According to the Mekor Rishon newspaper, Adv. Asa Kling has been selected as the next Israel Commissioner of Patents and Trademarks. Kling has an LL.B, from Tel Aviv University from 1997; and a B.Sc. in Aerospace Engineering from the Technion, Israel Institute of Technology. Kling is currently a partner of Gilat Bareket, the legal side of the Reinhold Cohn Group, where, according to their website, he handles various aspects of intellectual property law, antitrust law, commercial law, company law and international transactions.
He has litigation experience relating to patents, copyright and trademarks and cross-border intellectual property enforcement. Assuming the Minister of Justice Yaakov Neeman confirms the appointment, we wish Adv. Kling success in his new position.
We note with approval that Adv. Kling has both legal and engineering qualifications, with IP experience as both a patent attorney and an attorney-at-law. Interestingly, Kling’s Patent Attorney license, No. 280, is only from 2006. It is odd to find myself licensed as a patent attorney for longer than the incoming Commissioner.
Then again, Kling does have the three years post licensing experience to train budding patent attorneys, and there is no legal requirement for a commissioner to be a patent attorney at all. Kling does, however, have the 10 years post licensing experience required for a district court judge, which is the equivalent position.
Some may consider it not ideal for an Israel Commissioner of Patents and Trademarks to have been a partner in the largest IP Group. If Kling disqualifies himself from handling cases where Reinhold Cohn is a party, he may find himself unable to rule on a large number of cases. Since the Deputy Commissioner and other adjudicators are subservient to him, there is a problem even if he disqualifies himself. There is also a danger of Kling taking a strong line against RCIP clients so as to appear balanced.

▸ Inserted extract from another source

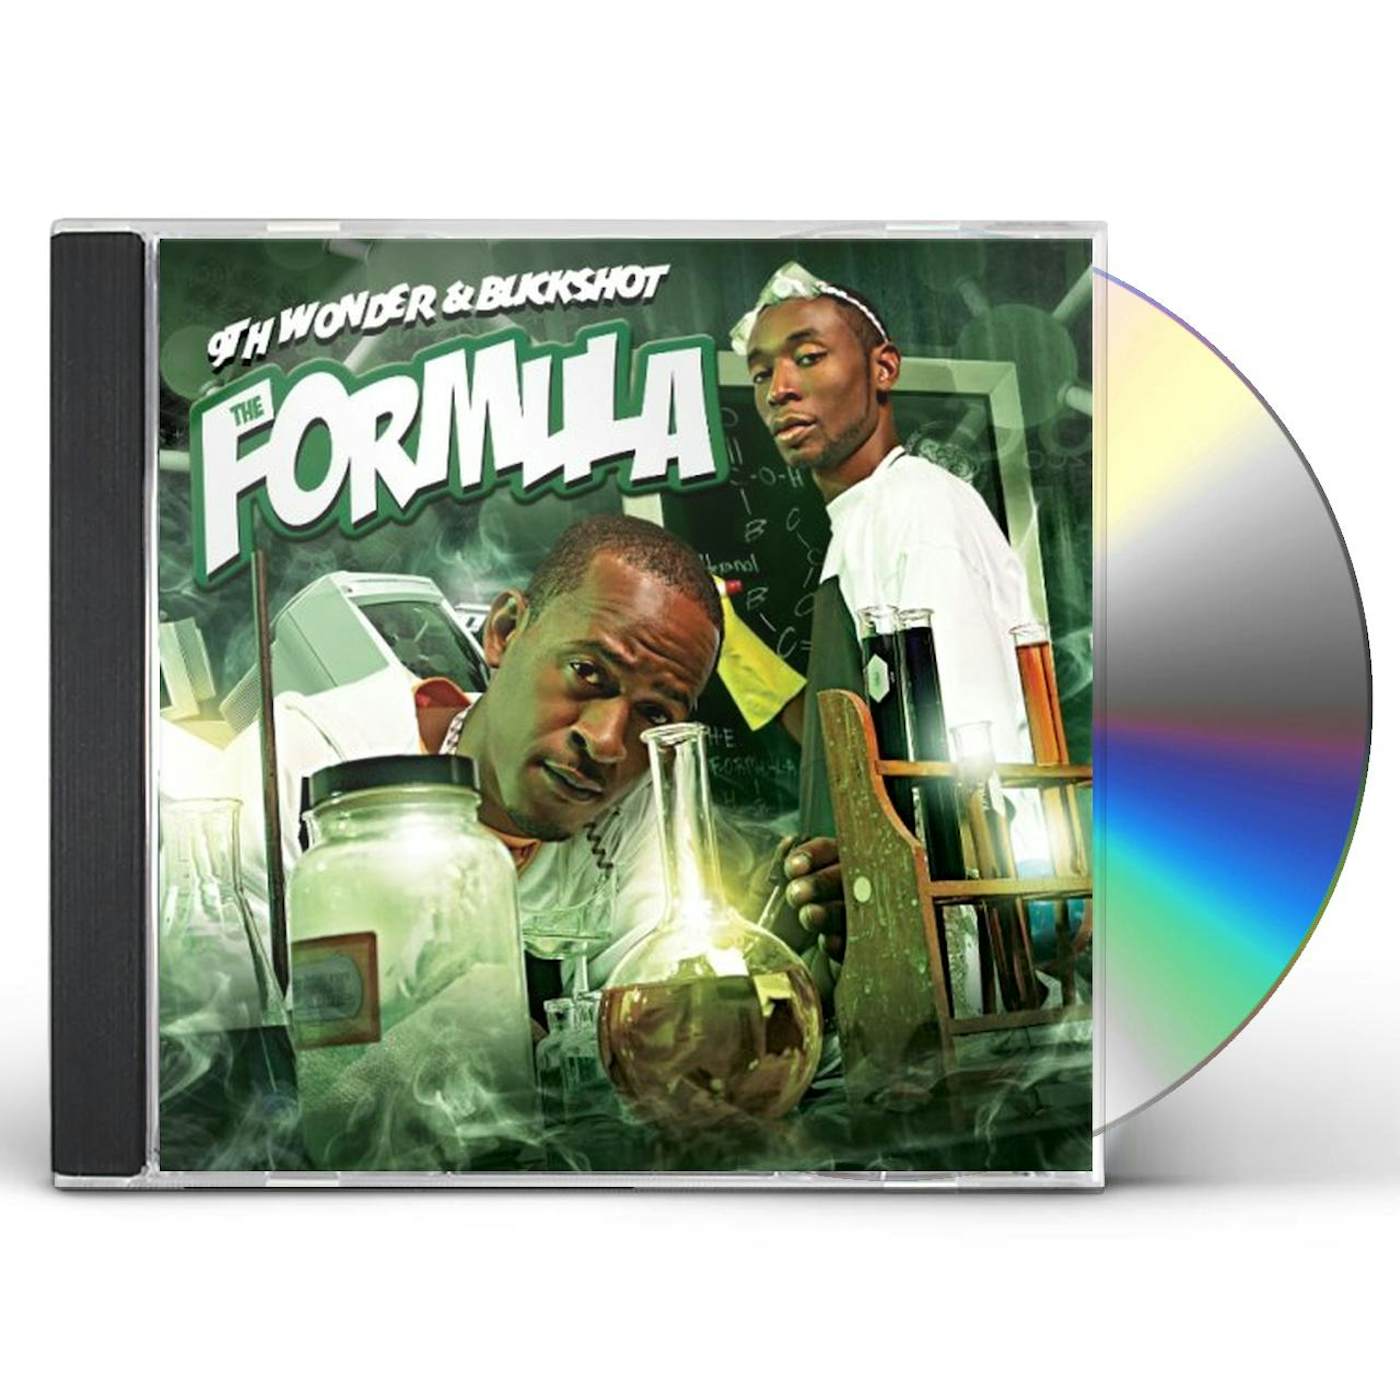 9th Wonder & Buckshot FORMULA CD

In my opinion, because of the possibility of appeal to the courts, the problem is not overly serious in practice. Since decisions are published, third parties such as me can freely criticize what we consider to be misinterpretations and poor decisions. Indeed, way back when then Acting Commissioner Yisrael Axelrod found in favor of RCIP’s clients when interpreting the law regarding pharmaceutical patent term extensions in a ruling where only RCIP’s clients were involved, the Knesset amended the Law to make his interpretation untenable.

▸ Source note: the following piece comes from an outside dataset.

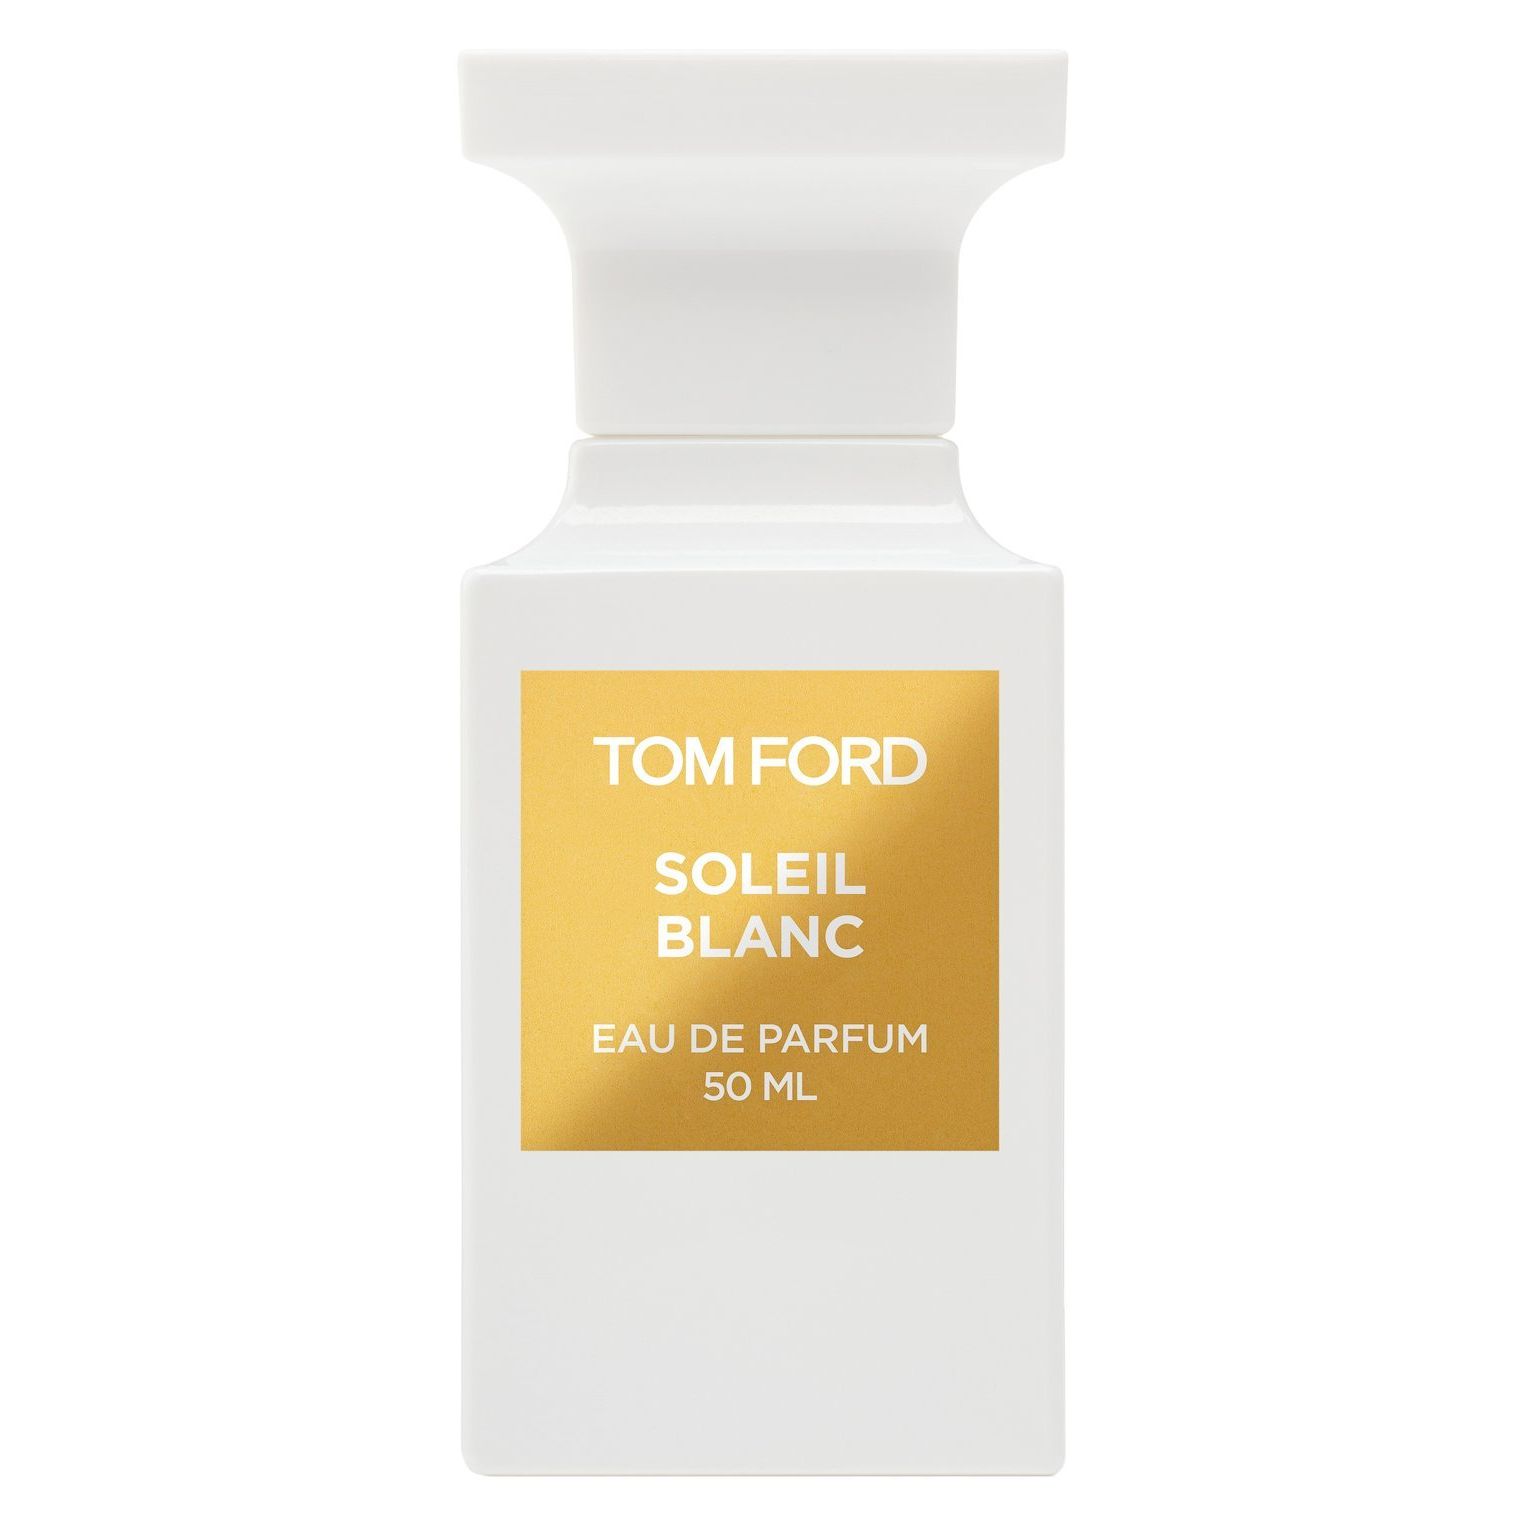 Вода парфюмерная Tom Ford Soleil Blanc, унисекс, 50 мл tom ford soleil blanс 30

We hope that Kling, if his appointment is affirmed, will either not patronize any IP events organized by firms in the private sector, will patronize them all or will publish guidelines for participation of patent office staff. Dr Noam had a strong policy of not attending events organized by IP firms and also prevented heads of departments from actively participating. However, on occasion, he did take an active part in events sponsored by the RCIP group, such as a reception held in honor of the visiting Chinese Commissioner of Patents and Trademarks. This Orwellian equality was a little grating, not least because Noam had sold his practice to RCIP before taking up his appointment as Commissioner.
In the small and close knit Israel IP world, most practitioners have come through one of two or three established firms. It is difficult to imagine that anyone with IP experience and knowledge, who hasn’t come through the patent office, won’t have worked for one or other large IP firm. It would be more problematic if someone from Israel industry, say, an in-house IP counsel of Teva, Orbotech or Comverse was appointed commissioner. We do, however, note that the make-up of the committee who considered candidates for the job has not been published. This does not seem a desirable state of affairs for open government.